On Sat, 28 Nov 2015 23:00:35 +0000
Peter Flynn <peter at silmaril.ie> wrote:

> On 28/11/15 22:18, Peter Flynn wrote:
> [...]
> > And indeed spca was one of the names I saw in syslog. Now all I
> > need to do is root it out and destroy it, preferably
> > permanently :-)  
> 
> Hah. I installed cheese, which *does* used gspca, and I got a camera
> image. So success on the webcam score, although the response time is
> appalling, probably the age of the camera. But it'll do for the
> purpose I want it for.

Yay! :-D

> Thank you all very much for the help.
> 
> So if I wanted to download whatever is in its memory (old pix which I
> assume I have elsewhere :-) it looks like I need to find out how to
> disable gspca_main first. Lots of old web pages about how to do this,
> none of which work nowadays (like adding it
> to /etc/modprobe.d/blacklist).

But that *does* work. Create a file in /etc/modprobe.d with a name like
'blacklist-spca.conf' (you need the .conf extension), with the full
name of the kernel module on a line by itself as the only contents.
Reboot, and it should no longer be loaded. Then run 'lsblk' to see if
it shows up as a block device you can mount.

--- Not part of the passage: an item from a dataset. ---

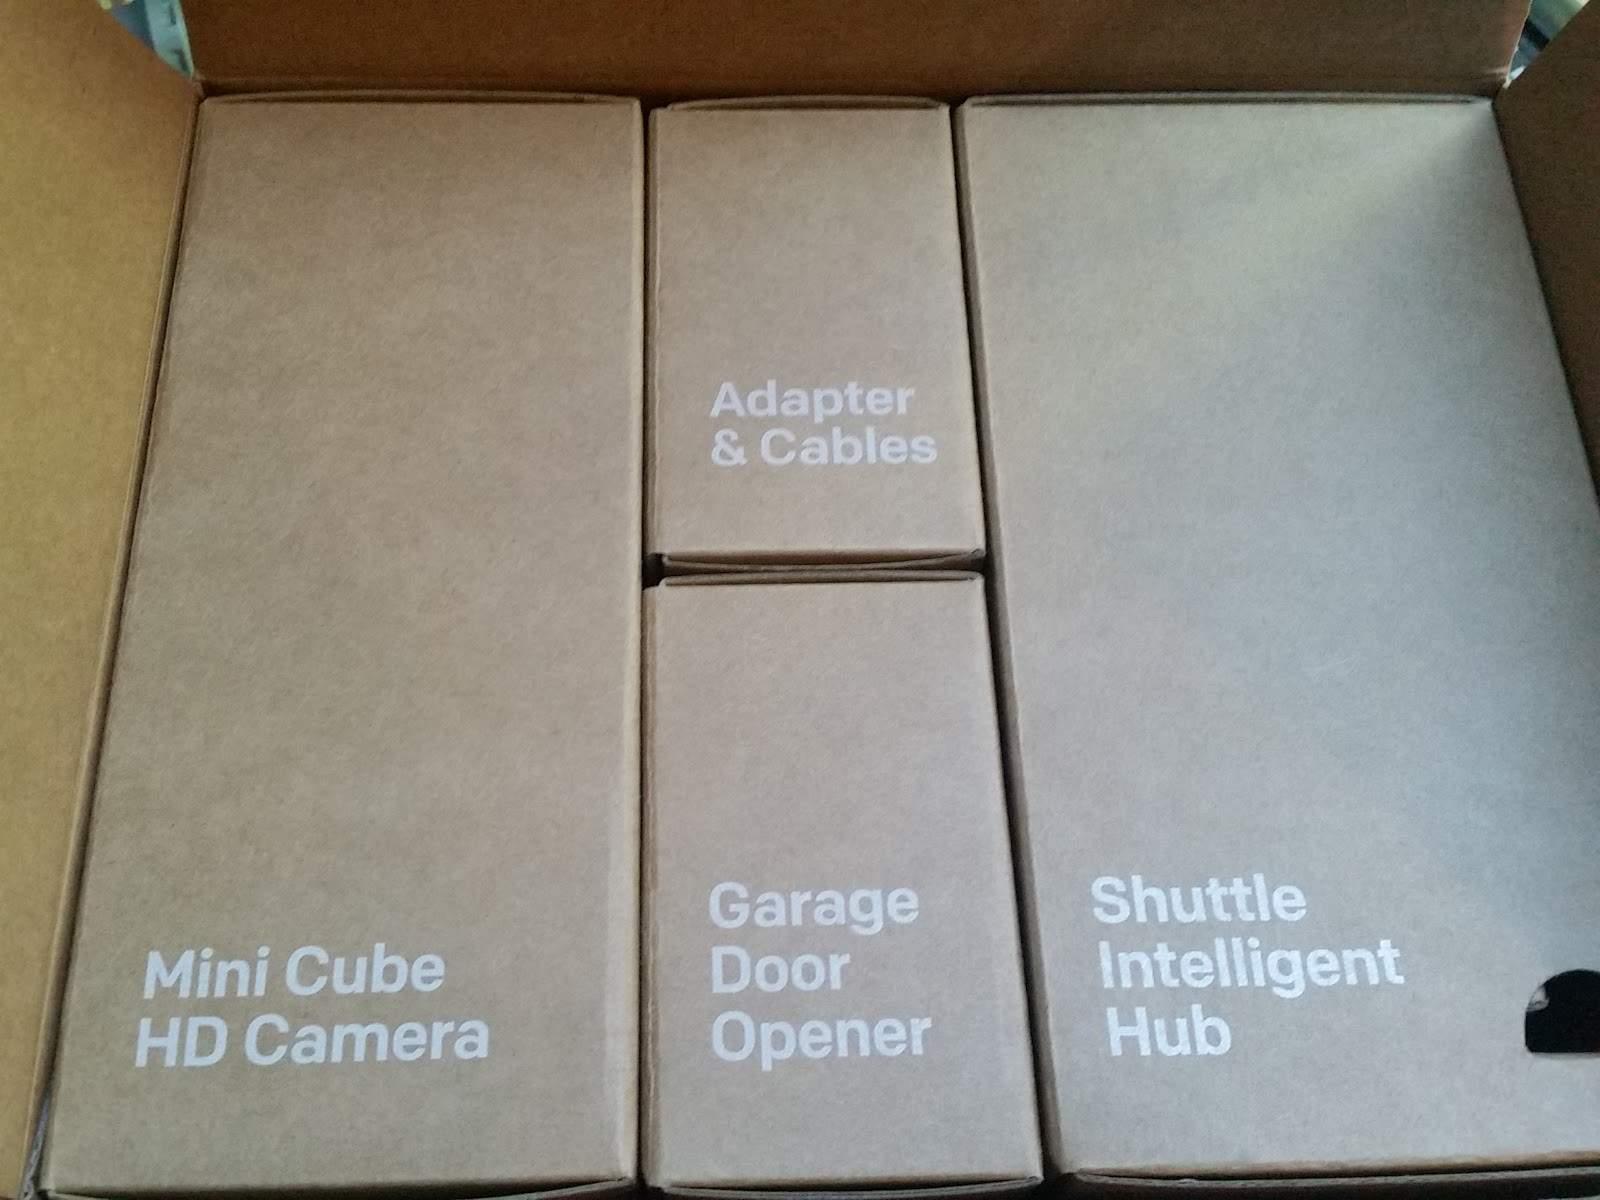 Smart garage systems

You can also use 'rmmod' to remove the module from the running kernel
to avoid a reboot.

NOTE: It is entirely possible that this module is the only way for
Linux to communicate with the camera, so if you blacklist it you might
not be able to use it at all. If that is the case, just remove the file
you created above.

Petter

-- 
"I'm ionized"
"Are you sure?"
"I'm positive."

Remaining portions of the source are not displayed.